The second point is the one that has been the primary subject of discussion by some prominent scientist-bloggers, namely that “framing” bears a striking resemblance to “spin”. We all know that “spin” plays a substantial role in politics. To scientists, this is not something to be emulated. I won’t go so far as to say that framing is mere spin, but throughout the presentation I had the strong notion that it was largely indistinguishable from “marketing”. Scientists should care about how their work is presented to and received by the public, and therefore marketing is a legitimate consideration. Indeed, scientists market their work often — to granting agencies, students, journals, and colleagues. Adding some audience-specific adjustments when dealing with the public is perfectly reasonable, but if that’s all “framing” is, then it’s really just repackaged marketing truisms.

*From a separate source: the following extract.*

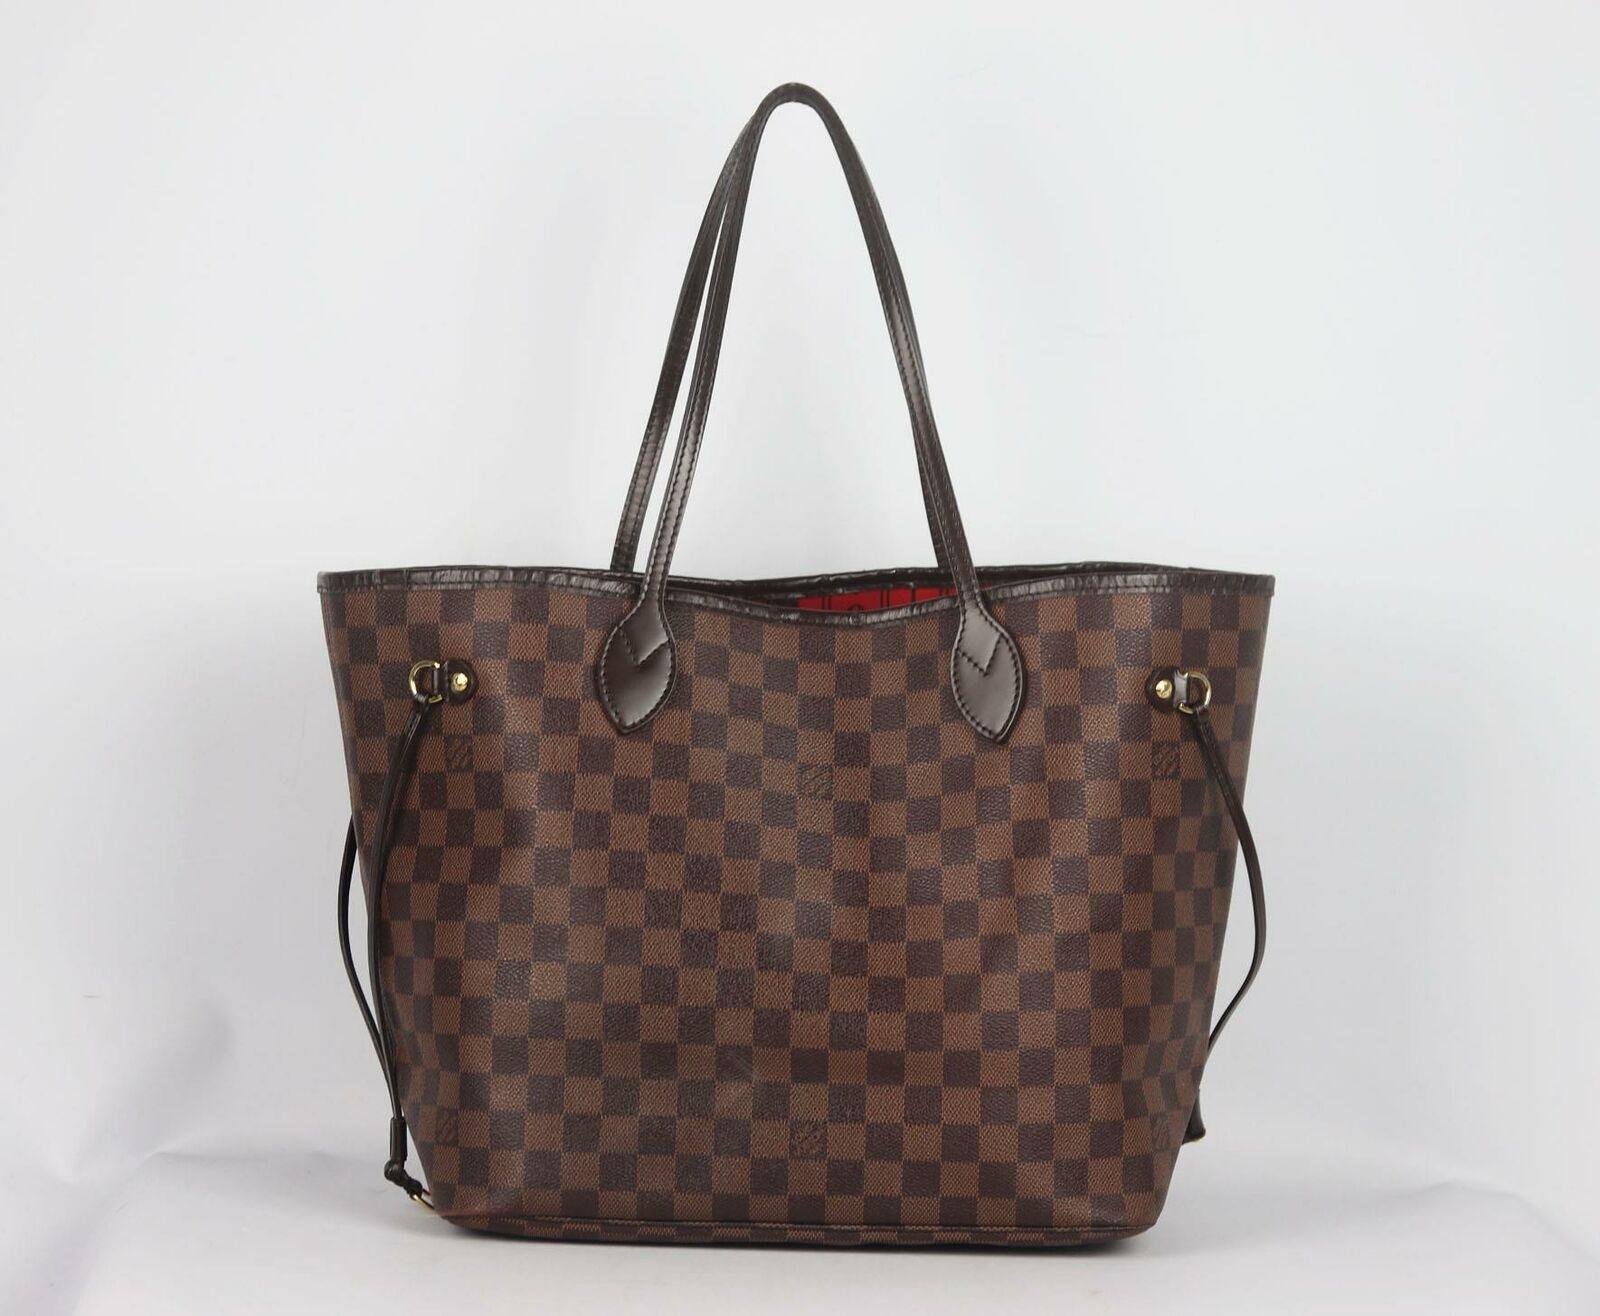 Louis Vuitton's classic 'Neverfall' bag in brown and beige Damier Ebène coated-canvas with leather accents, this 'MM' structured style has a spacious compartment lined in the brand's iconic red striped canvas with internal clip to attach your items

The third point, in which Mooney and Nisbet transition from describing the issue to prescribing what scientists should do, was by far the weakest part of the talk. In fact, I found almost nothing in their presentation that actually applied to me as an individual researcher. Almost everything they suggested actually fell under the purview of science writers, press offices, lobby groups, professional societies, or educational organizations. I still do not know what they expect me to do even with information in mind about how the public frames important topics. As a result, much of the talk seems to be about telling scientists what they are doing wrong with no real solutions that individual scientists can or will implement.

If I may, I would also add that Mooney and Nisbet’s discussion is, at heart, not about science or communication, but about American politics. In many other countries, scientific literacy is much higher, issues do occupy the primary stage in election campaigns, and religion and partisanship play a much smaller role in influencing decisions about science. Once again, this suggests that education about science early on is an effective strategy and a viable objective. The question of framing is more geographically and temporally localized than this, and so it is difficult for some scientists who are trained to look beyond such limitations to the larger picture to make framing a primary tool.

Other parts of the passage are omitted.